App Performance

Intricacies in Spark 3.0 Partition Pruning

In this blog post, I’ll set up and run a couple of experiments to demonstrate the effects of different kinds of partition pruning in Spark.  Big data has a complex relationship with SQL, which has long […]

  • 7 min read

In this blog post, I’ll set up and run a couple of experiments to demonstrate the effects of different kinds of partition pruning in Spark

Big data has a complex relationship with SQL, which has long served as the standard query language for traditional databases – Oracle, Microsoft SQL Server, IBM DB2, and a vast number of others. 

Only relational databases support true SQL natively, and many big data databases fall in the NoSQL – ie, non-relational – camp. For these databases, there are a number of near-SQL alternatives. 

When dealing with big data, the most crucial part of processing and answering any SQL or near-SQL query is likely to be the I/O cost – that is, moving data around, including making one or more copies of the same data, as the query processor gathers needed data and completes the response to the query. 

A great deal of effort has gone into reducing I/O costs for queries. Some of the techniques used are indexes, columnar data storage, data skipping, etc. 

Partition pruning, described below, is one of the data skipping techniques used by most of the query engines like Spark, Impala, and Presto. One of the advanced ways of partition pruning is called dynamic partition pruning.

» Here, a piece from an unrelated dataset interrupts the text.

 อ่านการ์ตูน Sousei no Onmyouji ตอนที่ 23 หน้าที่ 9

In this blog post, we will work to understand both of these concepts and how they impact query execution, while reducing I/O requirements.

What is Partition Pruning?

Let’s first understand what partition pruning is, how it works, and the implications of this for performance. 

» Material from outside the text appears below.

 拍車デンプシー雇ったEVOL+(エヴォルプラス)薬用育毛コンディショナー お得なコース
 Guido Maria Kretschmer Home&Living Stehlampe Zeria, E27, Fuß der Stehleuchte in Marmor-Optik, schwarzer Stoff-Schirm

If a table is partitioned and one of the query predicates is on the table partition column(s), then only partitions that contain data which satisfy the predicate get scanned. Partition pruning eliminates scanning of the partitions which are not required by the query.

There are two types of partition pruning.

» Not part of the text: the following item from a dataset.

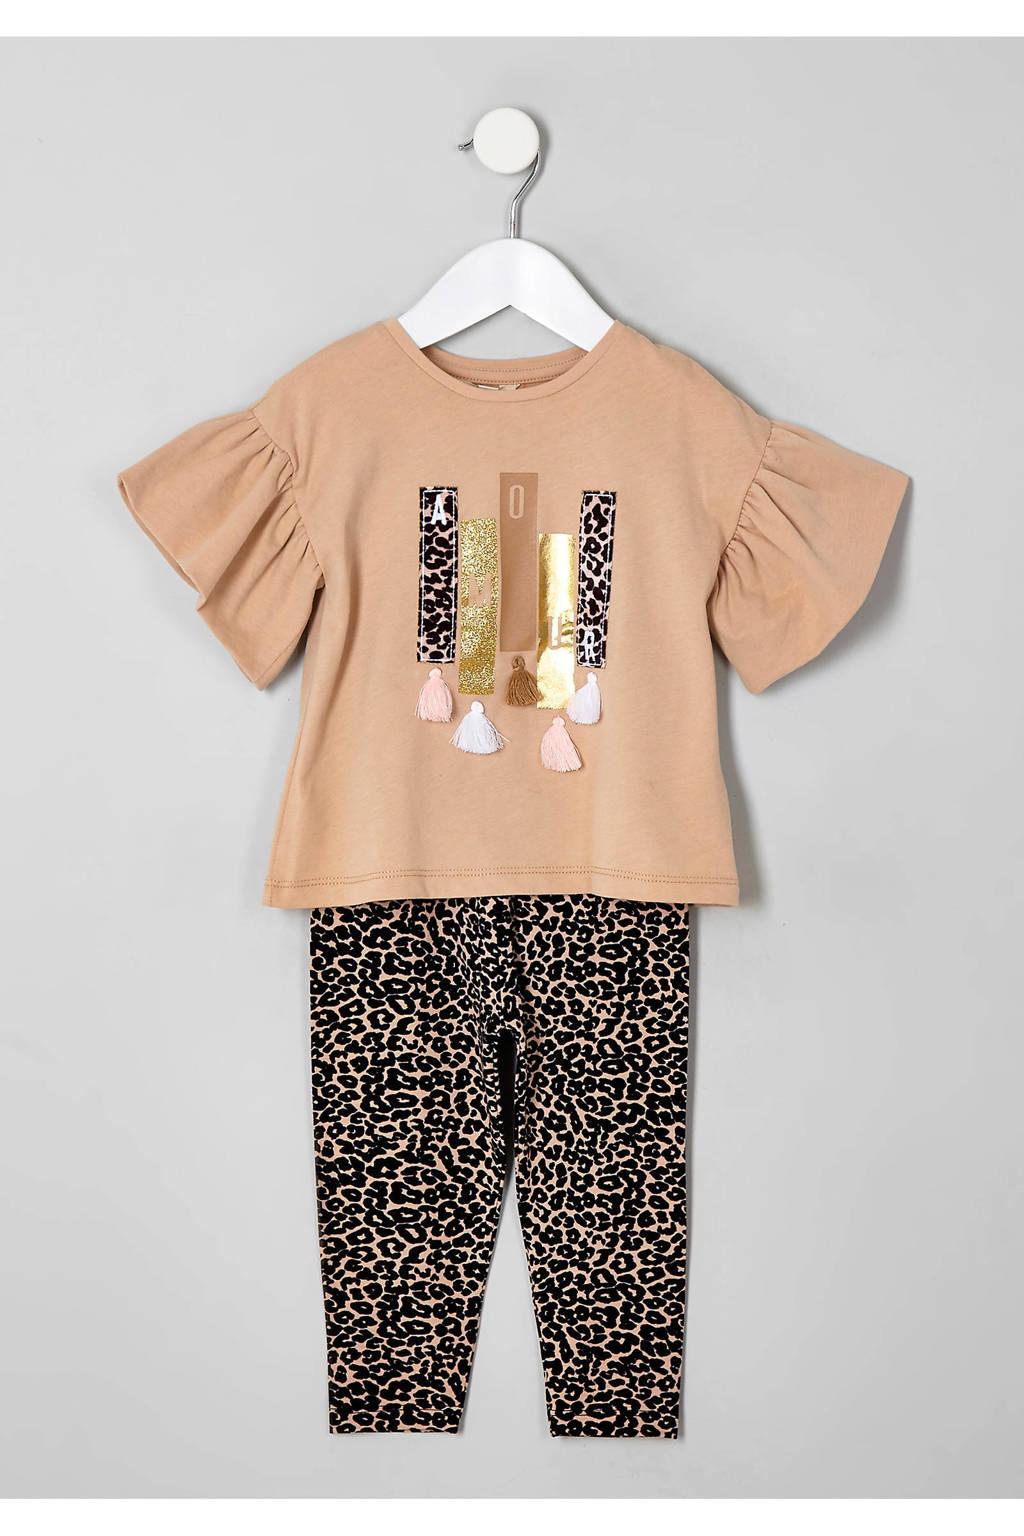 River Island T-shirt + broek met panterprint, Beige/bruin

  • Static partition pruning. Partition filters are determined at query analysis/optimize time.
  • Dynamic partition pruning. Partition filters are determined at runtime, looking at the actual values returned by some of the predicates.

Experiment Setup

For this experiment we have created three Hive tables, to mimic real-life workloads on a smaller scale. Although the number of tables is small, and their data size almost insignificant, the findings are valuable to clearly understand the impact of partition pruning, and to gain insight into some of its intricacies.

Spark version used : 3.0.1

Important configuration settings for our experiment : 

  • spark.sql.cbo.enabled = false (default)
  • spark.sql.cbo.joinReorder.enabled = false (default)
  • spark.sql.adaptive.enabled = false (default)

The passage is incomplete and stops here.